***** Given material *****

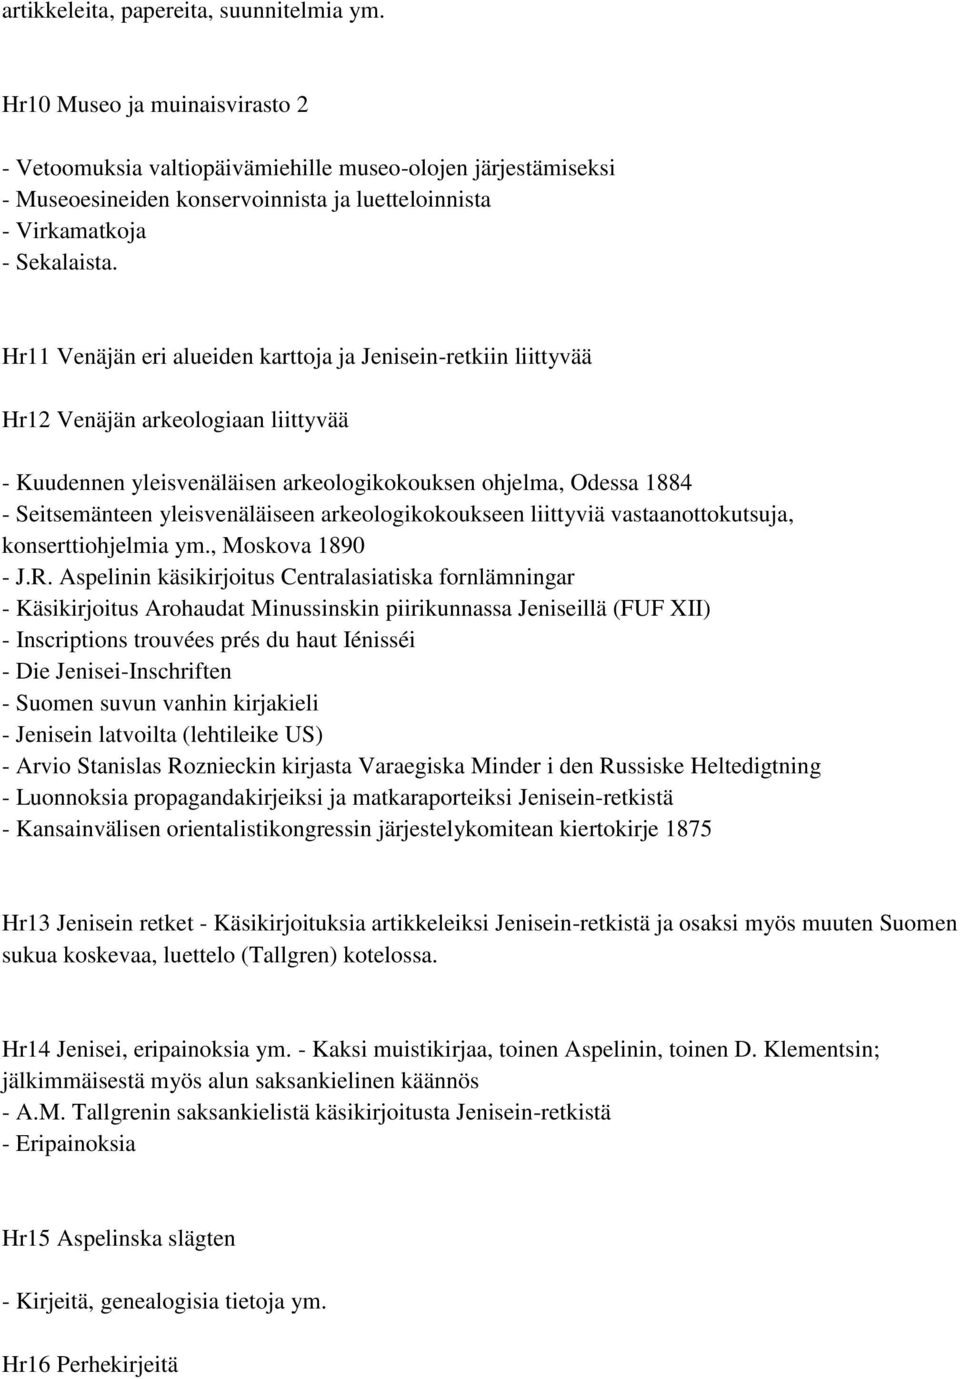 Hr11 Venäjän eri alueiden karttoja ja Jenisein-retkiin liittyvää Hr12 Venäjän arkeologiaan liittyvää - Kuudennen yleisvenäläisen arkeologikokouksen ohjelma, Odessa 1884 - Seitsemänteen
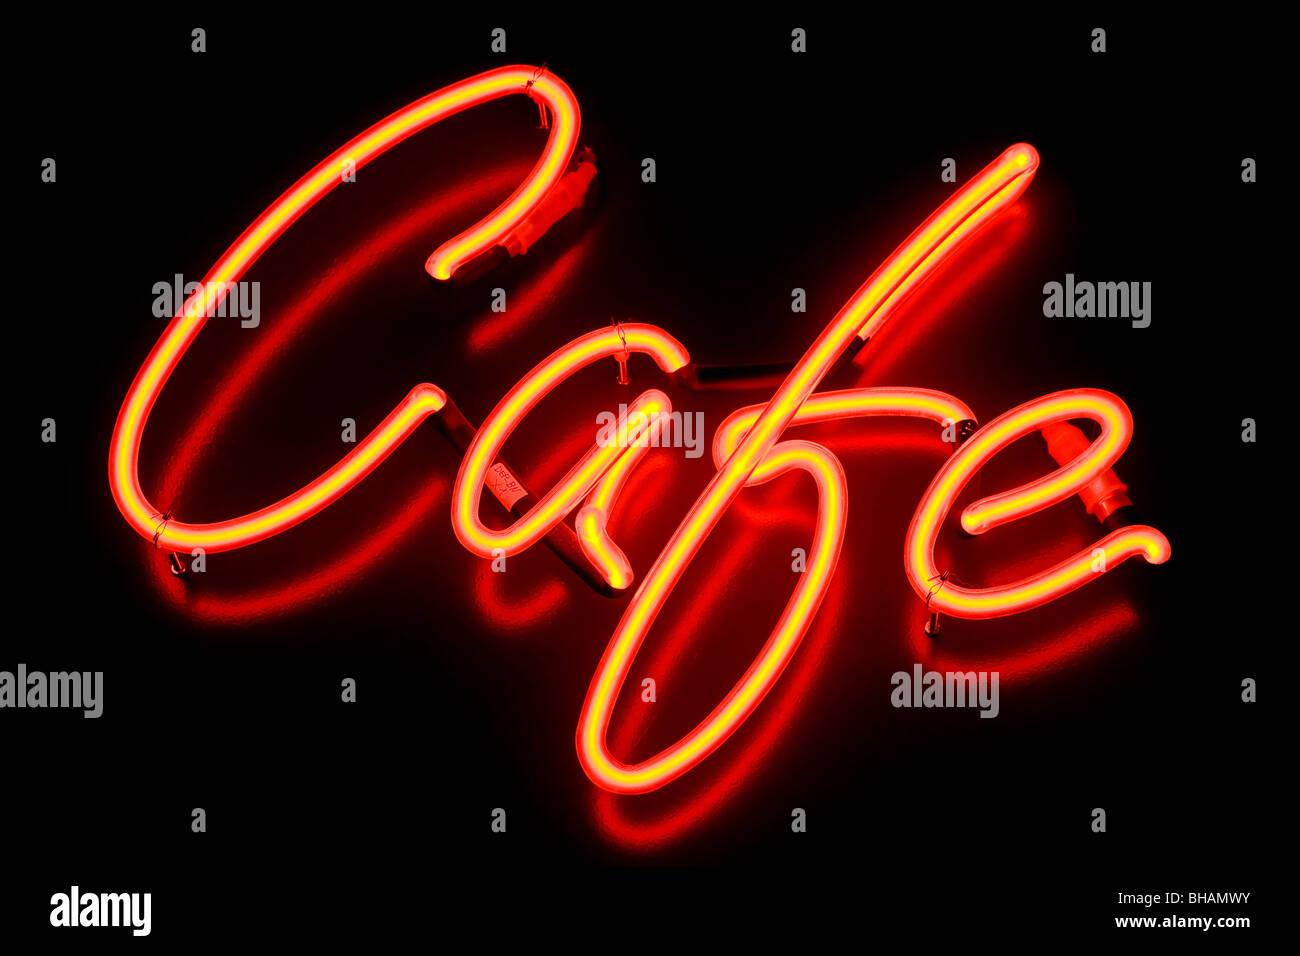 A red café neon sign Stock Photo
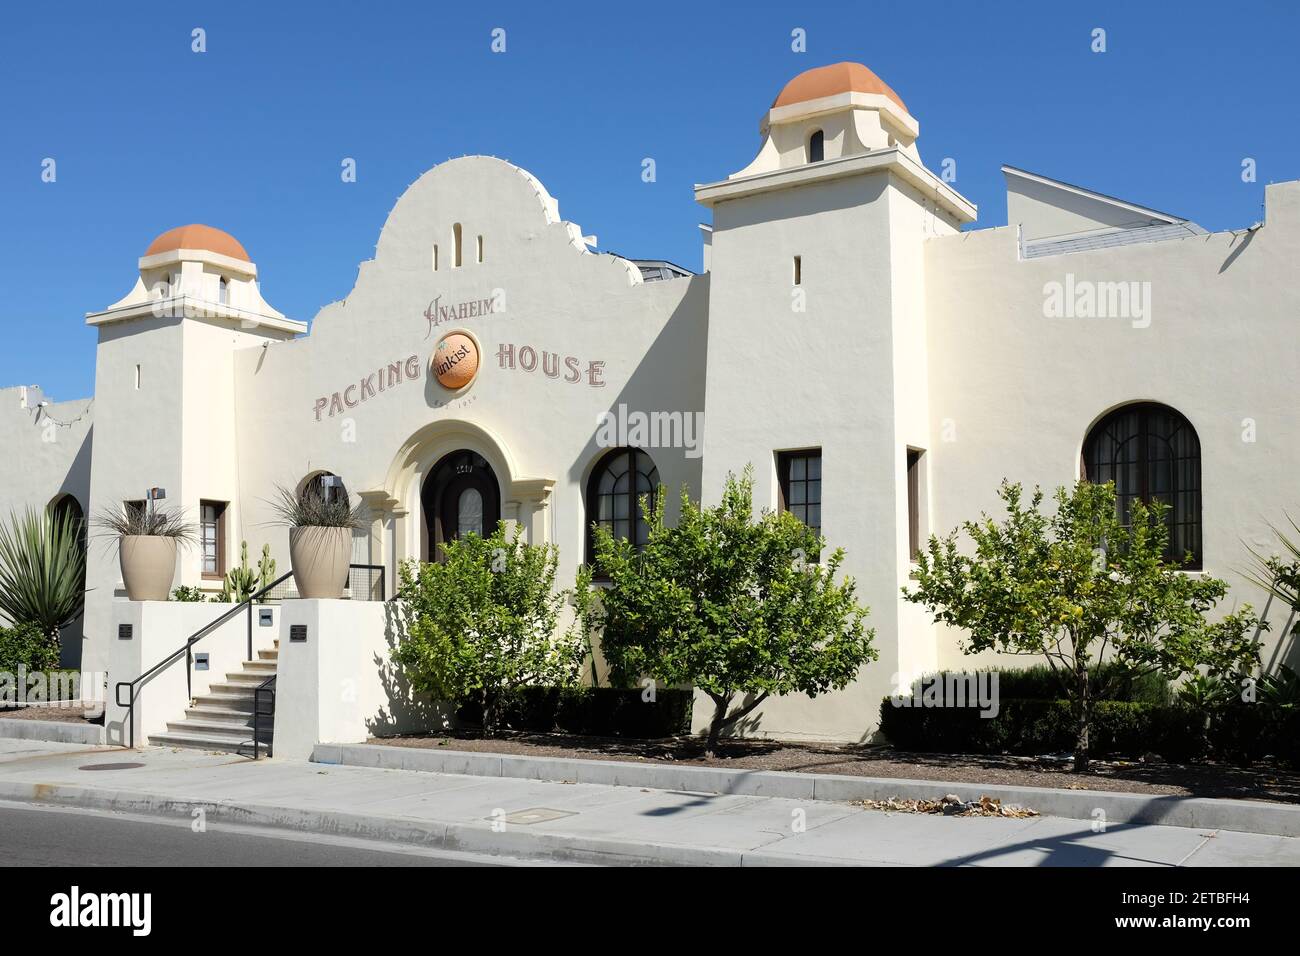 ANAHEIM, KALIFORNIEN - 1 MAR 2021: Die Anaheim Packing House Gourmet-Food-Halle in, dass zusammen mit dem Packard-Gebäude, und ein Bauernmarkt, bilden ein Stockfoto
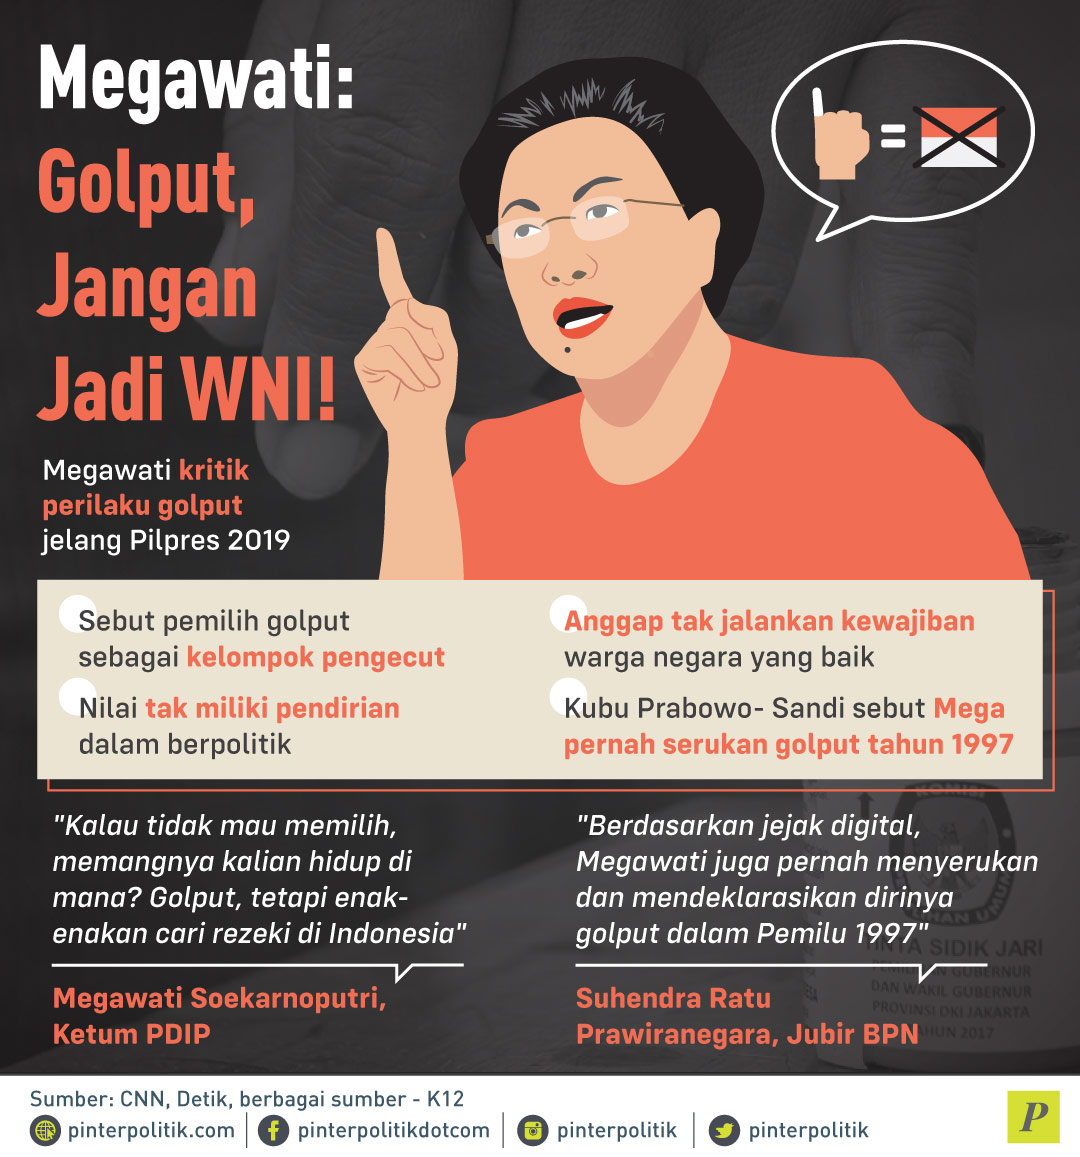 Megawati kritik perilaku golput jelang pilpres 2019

*****

Reproduce the listing exactly. The pictures are to be omitted.

 Hr11 Venäjän eri alueiden karttoja ja Jenisein-retkiin liittyvää Hr12 Venäjän arkeologiaan liittyvää - Kuudennen yleisvenäläisen arkeologikokouksen ohjelma, Odessa 1884 - Seitsemänteen
 A red café neon sign Stock Photo
 ANAHEIM, KALIFORNIEN - 1 MAR 2021: Die Anaheim Packing House Gourmet-Food-Halle in, dass zusammen mit dem Packard-Gebäude, und ein Bauernmarkt, bilden ein Stockfoto
 Megawati kritik perilaku golput jelang pilpres 2019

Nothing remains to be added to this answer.